Thomas Cromwell, for those who don’t know their English history, rose from very humble beginnings to being Henry’s trusted chief minister. He did this by dint of his character and the timely beneficial patronage of Cardinal Wolsey. He became street-smart in his youth but he also educated himself in the culture (literature and art) of the times. He could speak Latin, Italian and French. He was an accountant and lawyer.  He knew about trade. He was no slouch in the kitchen either. He was, indeed, a jack-of-all-trades. Here is a description early in the book (1527):

Thomas Cromwell is now a little over forty years old. He is a man of strong build, not tall. Various expressions are available to his face, and one is readable: an expression of stifled amusement … It is said he knows by heart the entire New Testamant in Latin … He is at home in courtroom or waterfront, bishop’s palace or inn yard. He can draft a contract, train a falcom, draw a map, stop a street fight, furnish a house and fix a jury…

A man, that is, not to be trifled with – and yet he is a man who develops a large and loving household full of loyal children, relatives and “wards”. Some of the loveliest sections of the book are set in his home, Austin Friars. He is also loyal – sticking by Wolsey, for example, in his decline – and firm, hard even, but not cruel.

However, I don’t want this review to be as long as the book and so shall move on. I loved Mantel’s descriptions – they are always short but highly evocative. Here is the Duke of Norfolk:

The duke is now approaching sixty years old but concedes nothing to the calendar. Flint-faced and keen-eyed, he is lean as a gnawed bone and cold as an axe-head;  his joints seem knitted together of supple chain links, and indeed he rattles a little as he moves, for his clothes conceal relics…
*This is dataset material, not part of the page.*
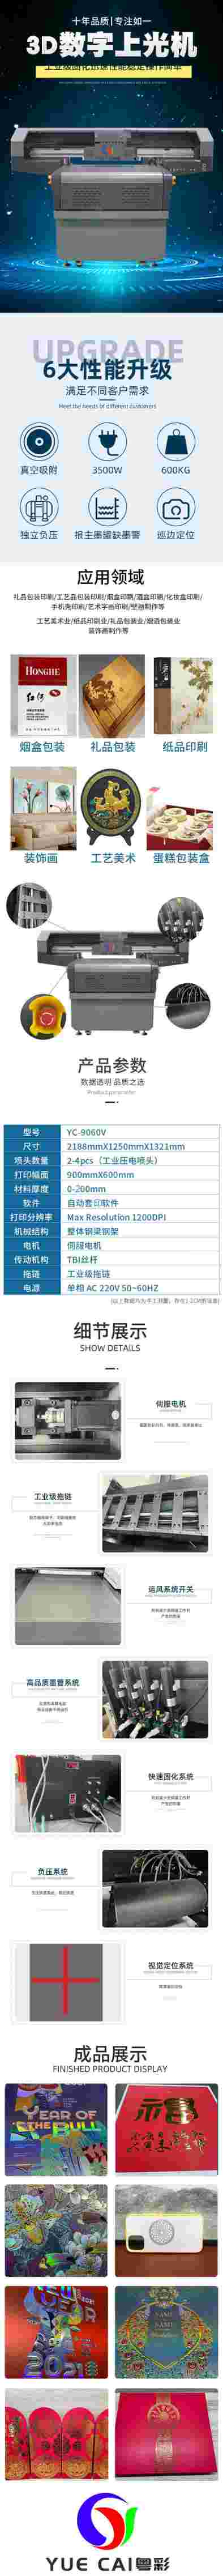 供应深圳粤彩 3D数字上光机YC-9060V数码增效印后增效

And here is another telling description (after charges against Wolsey have been written):

It is a wan morning, low unbroken cloud; the light filtering sparely through the glass, is the colour of tarnished pewter. How brightly coloured the king is, like the king in a new pack of cards: how small his flat blue eye.

Delicious aren’t they?

The novel ends at an intriguing point – but I won’t give that away here except to say that it does not conclude with the end of Cromwell’s life. That, we believe, is the subject of a sequel.

I would love to keep writing about the characters, the language, the way Mantel puts it all together – such as the way she drops hints then explores them later – but that could become boring. Better for you to read the book (if you haven’t already). Instead, I will end with what is probably the book’s overarching theme – that of “how the world works”, and that is through machinations behind the scenes:

The fate of peoples is made like this, two men in small rooms. Forget the coronations, the conclaves of cardinals, the pomp and processions. This is how the world changes: a counter pushed across a table, a pen stroke that alters the force of a phrase, a woman’s sigh as she passes and leaves on the air a trail of orange flower or rosewater…

It was ever thus, eh?

Hilary Mantel
Wolf Hall
London: Fourth Estate, 2009
653pp.
ISBN: 9870007292417

POSTSCRIPT: Steven, at A Momentary Taste of Being, posted a link to this fascinating article by Hilary Mantel on Thomas Cromwell. It is well worth a read.